*WORK TASK*.
Only the lines below starting at the one that contains "Measures- 1''H x 10''W x 10''D." and ending at the one that contains "Read more about" are to be reproduced, exactly and with both ends kept.

*RECORDS SUPPLIED*.
-- Opening Marker --
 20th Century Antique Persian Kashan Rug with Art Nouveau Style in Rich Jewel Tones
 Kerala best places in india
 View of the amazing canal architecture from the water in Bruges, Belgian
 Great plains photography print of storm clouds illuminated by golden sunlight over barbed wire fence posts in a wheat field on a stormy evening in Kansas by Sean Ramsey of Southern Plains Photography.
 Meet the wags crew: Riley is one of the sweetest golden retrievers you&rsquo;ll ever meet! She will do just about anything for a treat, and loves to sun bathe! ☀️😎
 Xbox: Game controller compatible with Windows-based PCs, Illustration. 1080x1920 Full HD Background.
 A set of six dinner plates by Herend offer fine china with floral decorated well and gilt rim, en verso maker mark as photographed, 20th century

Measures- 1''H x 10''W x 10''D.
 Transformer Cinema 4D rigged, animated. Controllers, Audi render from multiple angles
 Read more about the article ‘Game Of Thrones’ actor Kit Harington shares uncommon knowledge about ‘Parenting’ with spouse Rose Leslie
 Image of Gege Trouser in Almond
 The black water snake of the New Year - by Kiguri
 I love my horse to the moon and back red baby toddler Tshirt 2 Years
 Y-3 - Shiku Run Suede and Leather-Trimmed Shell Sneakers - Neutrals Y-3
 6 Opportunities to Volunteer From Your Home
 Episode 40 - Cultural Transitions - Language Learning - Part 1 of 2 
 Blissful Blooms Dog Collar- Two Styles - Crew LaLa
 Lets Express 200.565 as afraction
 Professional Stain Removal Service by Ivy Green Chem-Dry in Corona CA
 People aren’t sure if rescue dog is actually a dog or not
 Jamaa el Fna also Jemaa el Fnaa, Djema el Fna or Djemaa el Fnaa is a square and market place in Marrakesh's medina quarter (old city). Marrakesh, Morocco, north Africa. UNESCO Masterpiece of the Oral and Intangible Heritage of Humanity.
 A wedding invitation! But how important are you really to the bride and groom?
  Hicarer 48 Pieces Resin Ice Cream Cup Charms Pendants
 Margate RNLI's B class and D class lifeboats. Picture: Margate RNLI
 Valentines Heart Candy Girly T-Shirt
-- Closing Marker --
*EXERCISE RESPONSE*.
Measures- 1''H x 10''W x 10''D.
 Transformer Cinema 4D rigged, animated. Controllers, Audi render from multiple angles
 Read more about the article ‘Game Of Thrones’ actor Kit Harington shares uncommon knowledge about ‘Parenting’ with spouse Rose Leslie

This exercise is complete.